Data provided:
== Segment start ==

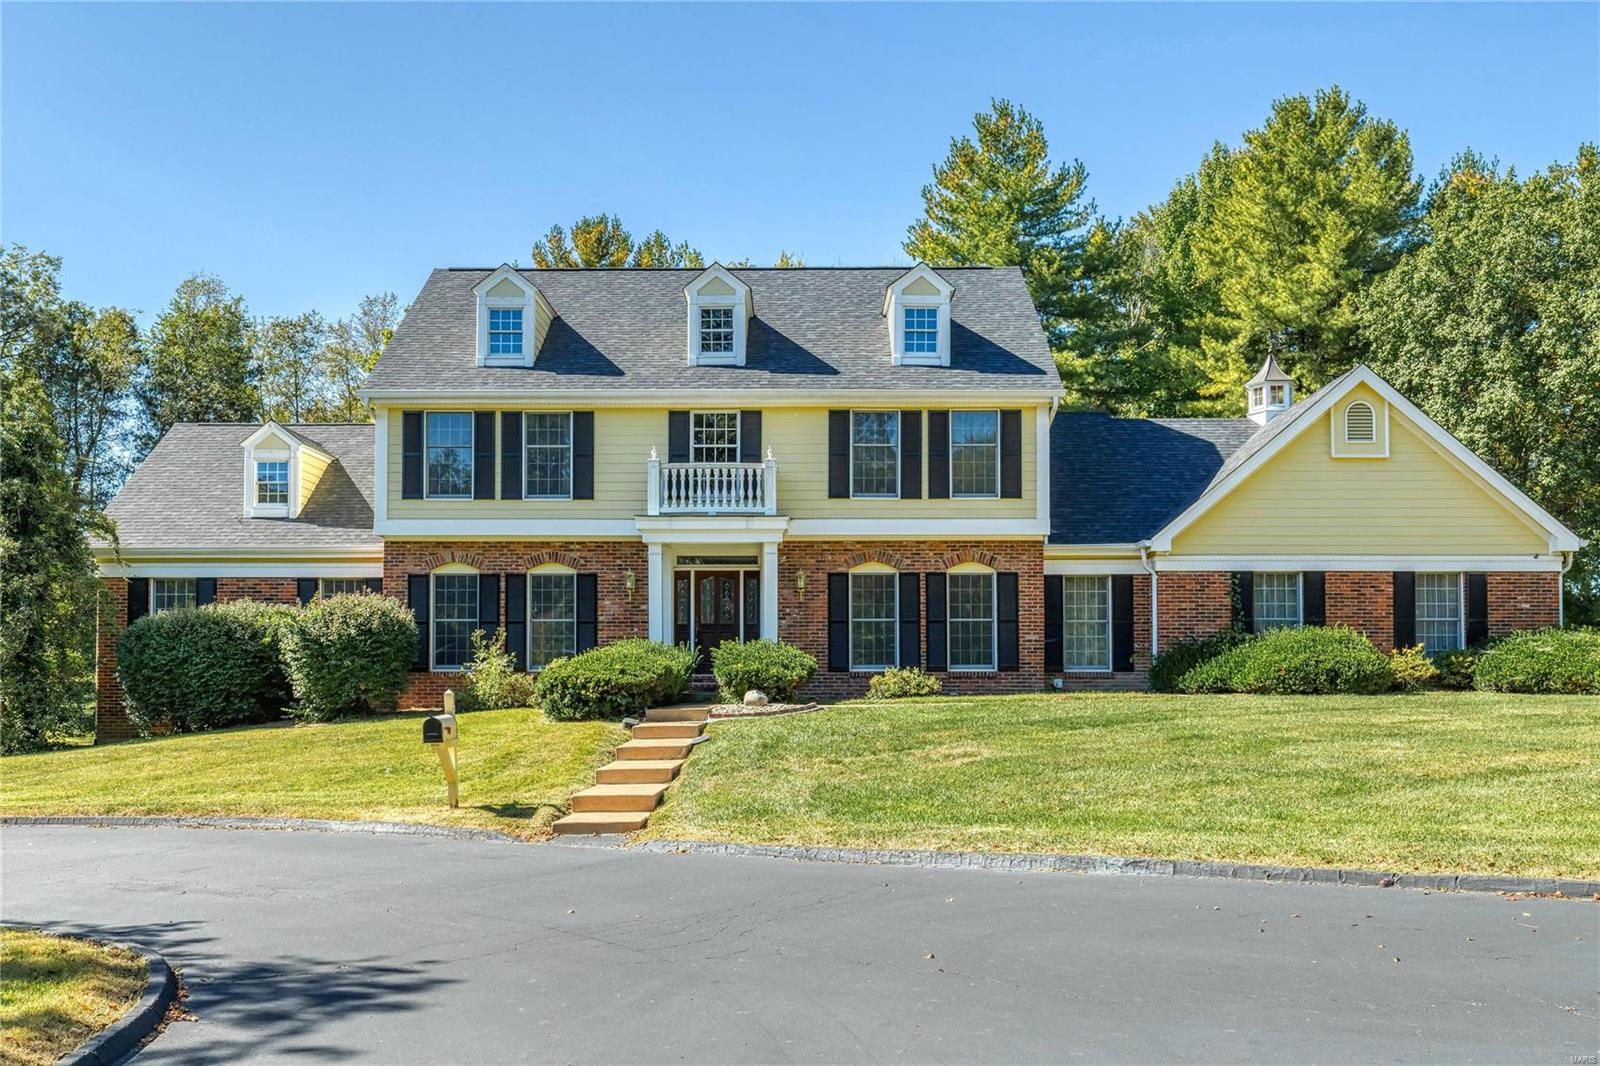 178 S Mason Road Property Photo - Creve Coeur, MO real estate listing
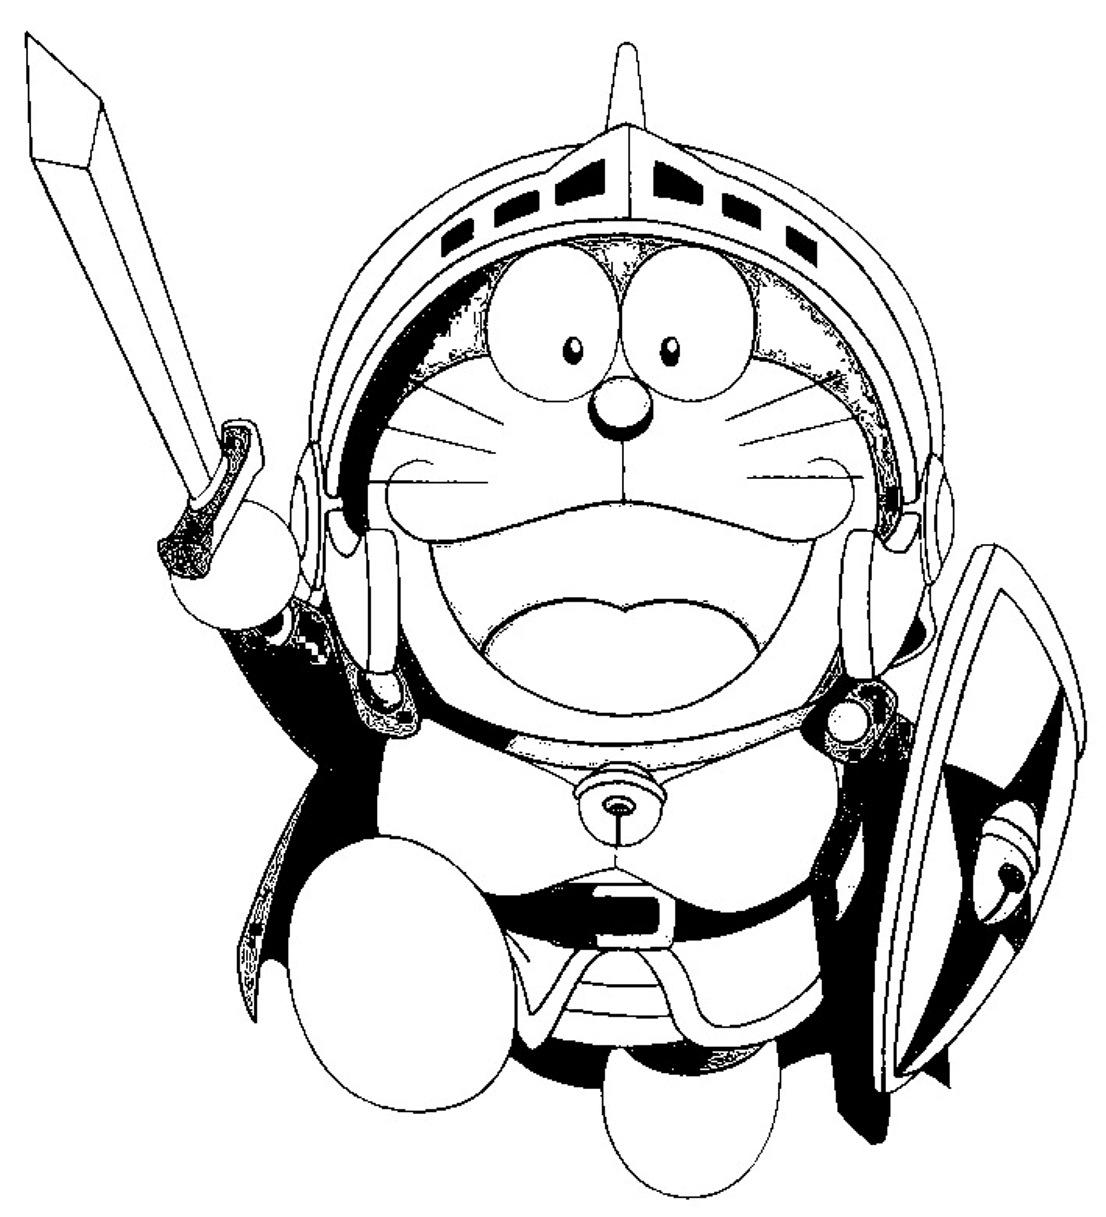 Doraemon The Warrior
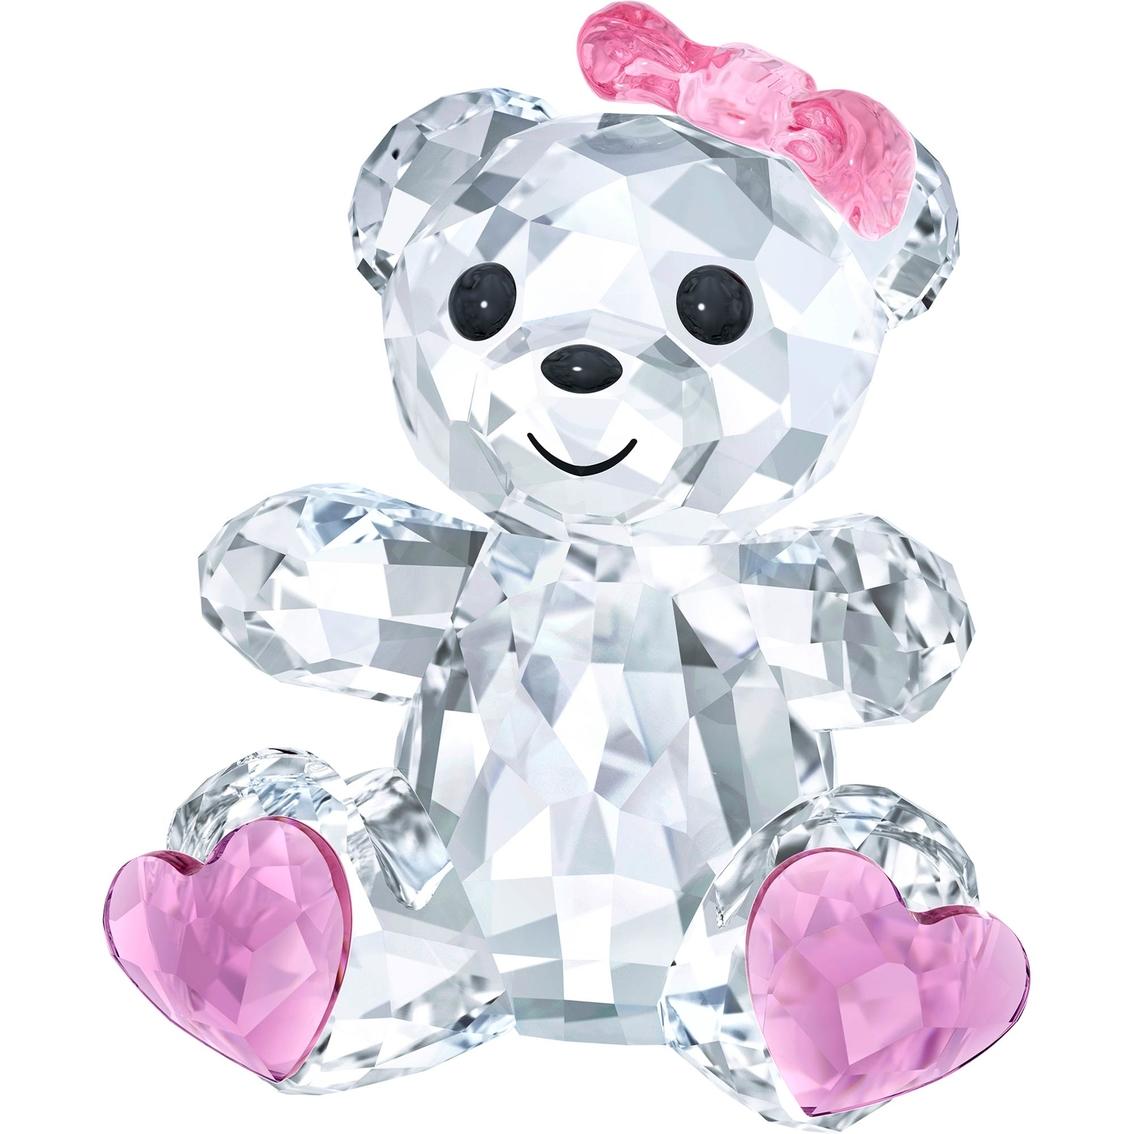 187f7d4595 Swarovski Kris Bear, Sweetheart | Collectible Figurines | Gifts ...

== Segment end ==

Task statement: Text only, please: give the listing again word for word with no images.

Task solution:
 178 S Mason Road Property Photo - Creve Coeur, MO real estate listing
 Doraemon The Warrior
 187f7d4595 Swarovski Kris Bear, Sweetheart | Collectible Figurines | Gifts ...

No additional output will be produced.